* **Data for analysis**:
* * * * *

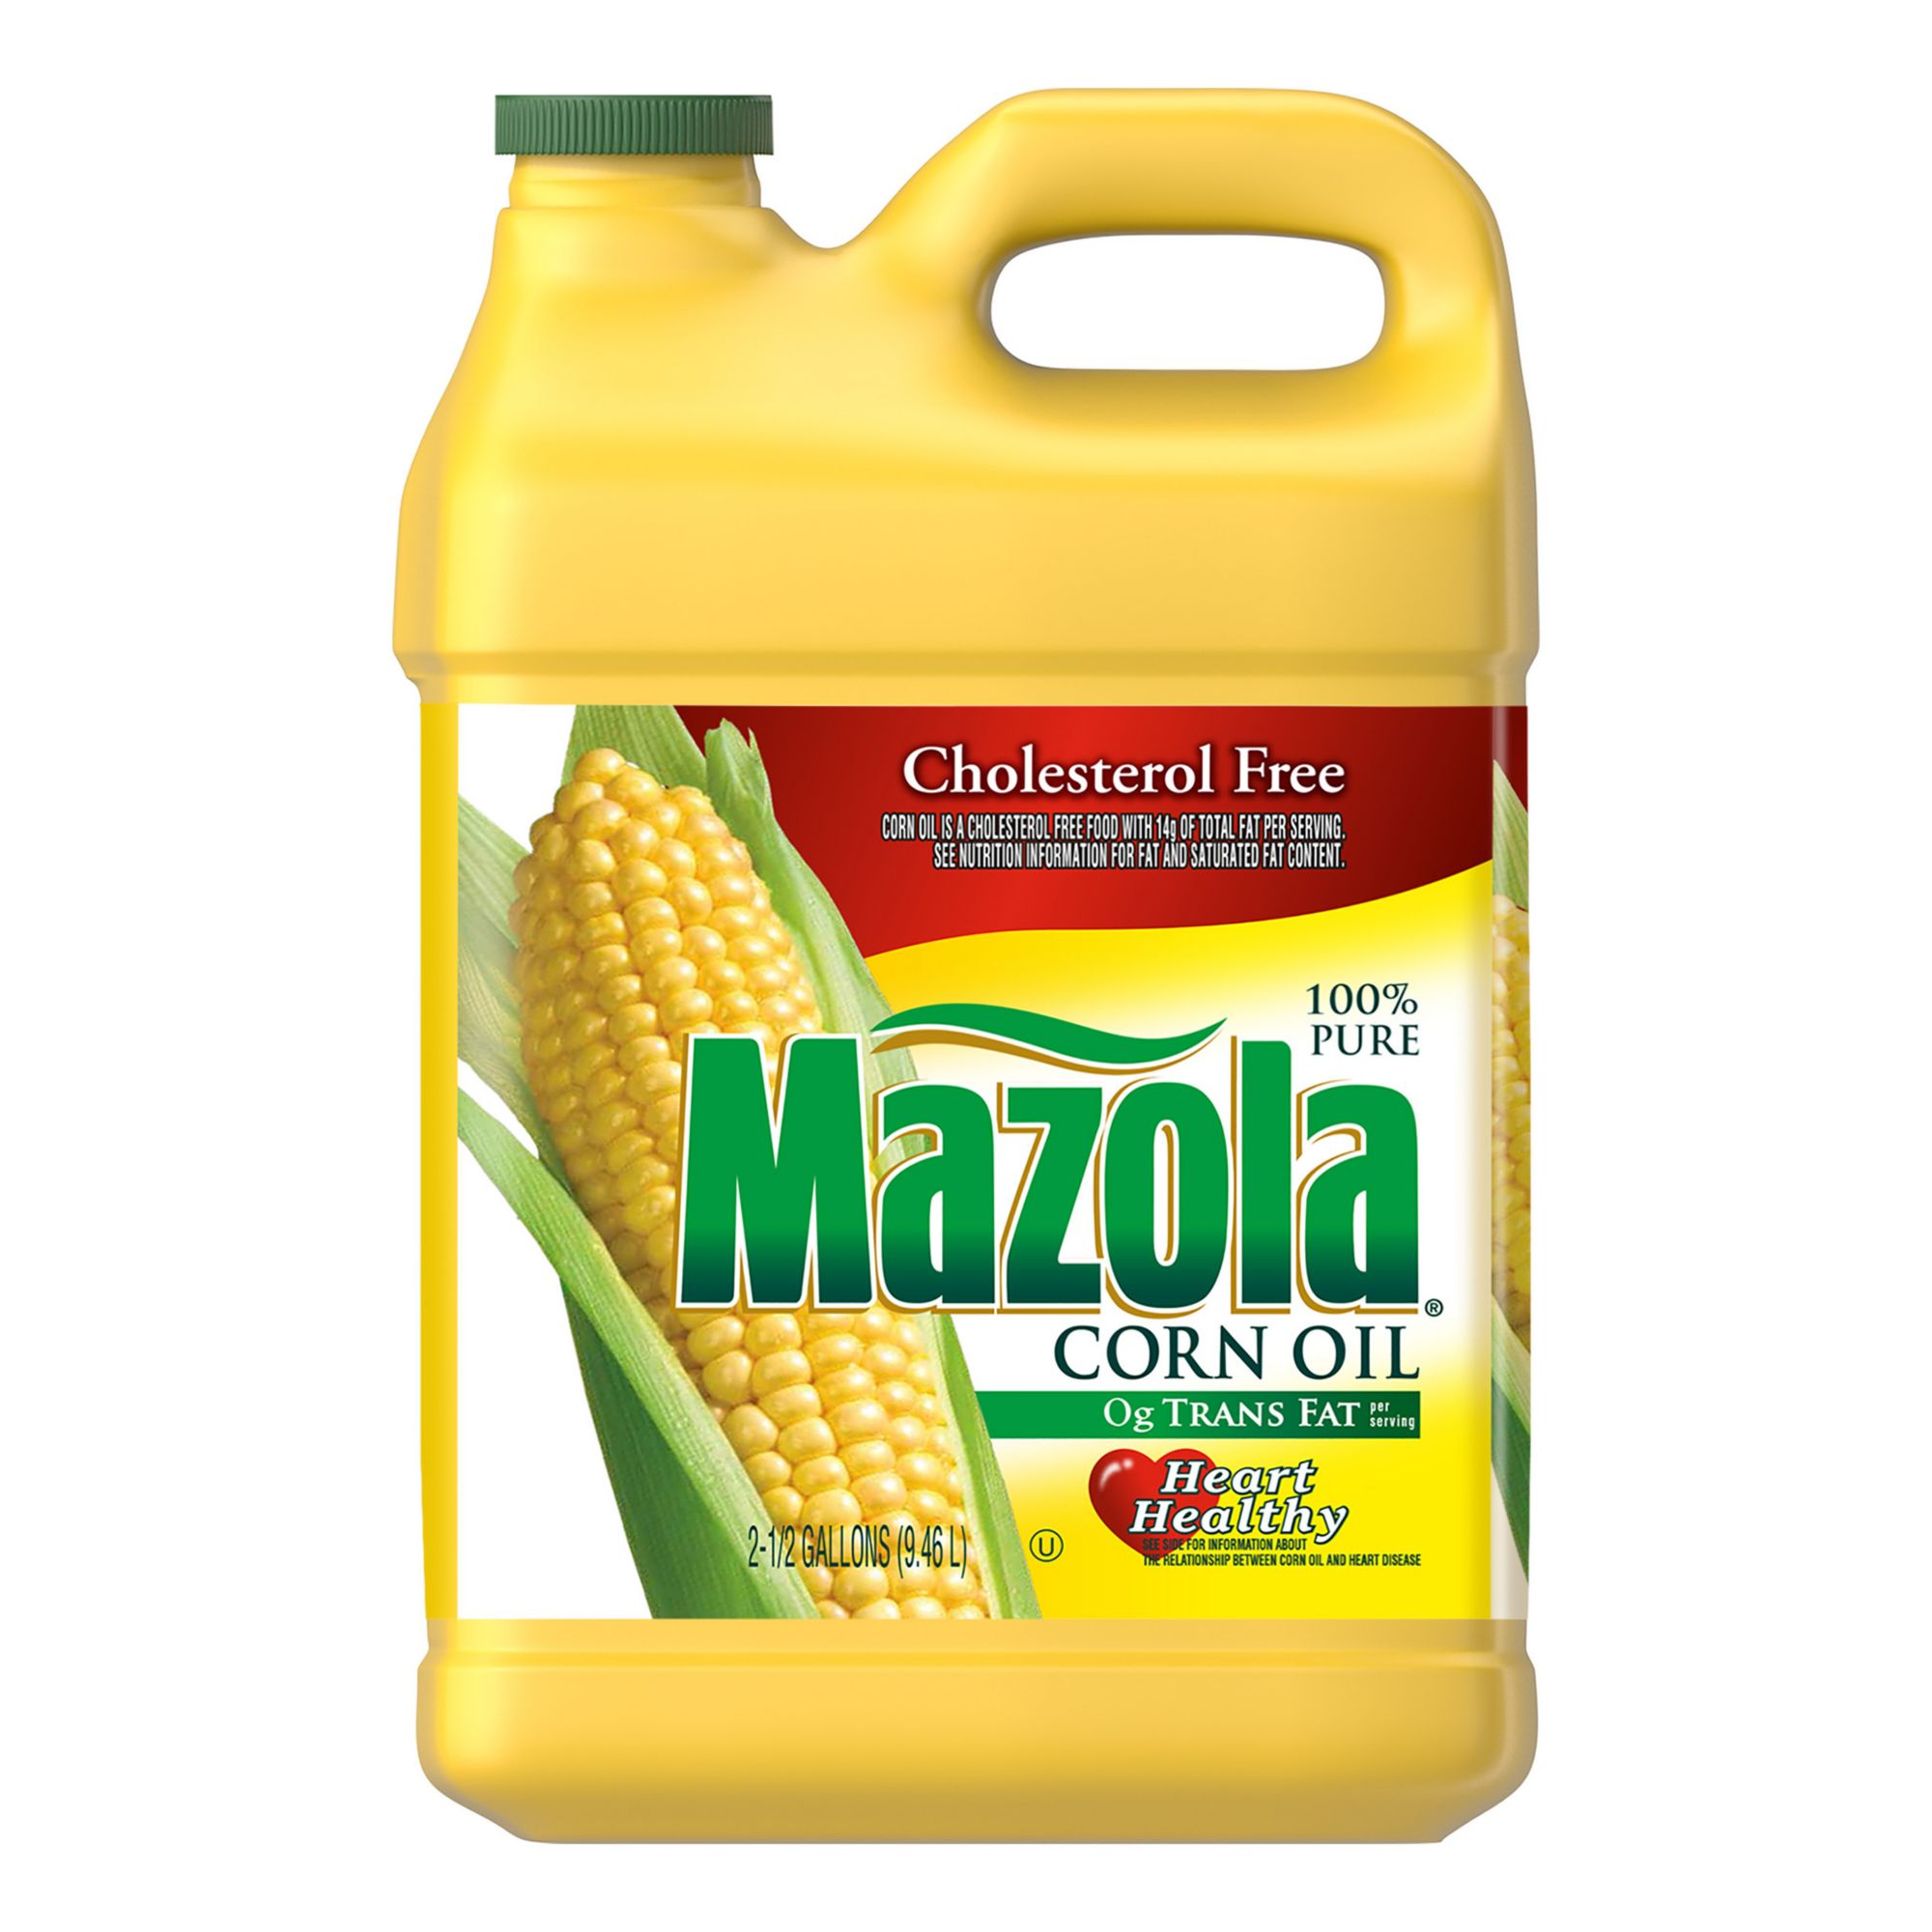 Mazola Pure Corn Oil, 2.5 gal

* * * * *

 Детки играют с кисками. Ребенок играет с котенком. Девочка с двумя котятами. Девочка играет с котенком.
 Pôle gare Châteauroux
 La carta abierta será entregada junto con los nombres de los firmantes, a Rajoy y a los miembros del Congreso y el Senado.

* * * * *

* **Task**:
Starting at the line above that contains "Детки играют с", write out each line exactly until the line that contains "La carta abierta" has been written, and stop there.

* **Written response**:
 Детки играют с кисками. Ребенок играет с котенком. Девочка с двумя котятами. Девочка играет с котенком.
 Pôle gare Châteauroux
 La carta abierta será entregada junto con los nombres de los firmantes, a Rajoy y a los miembros del Congreso y el Senado.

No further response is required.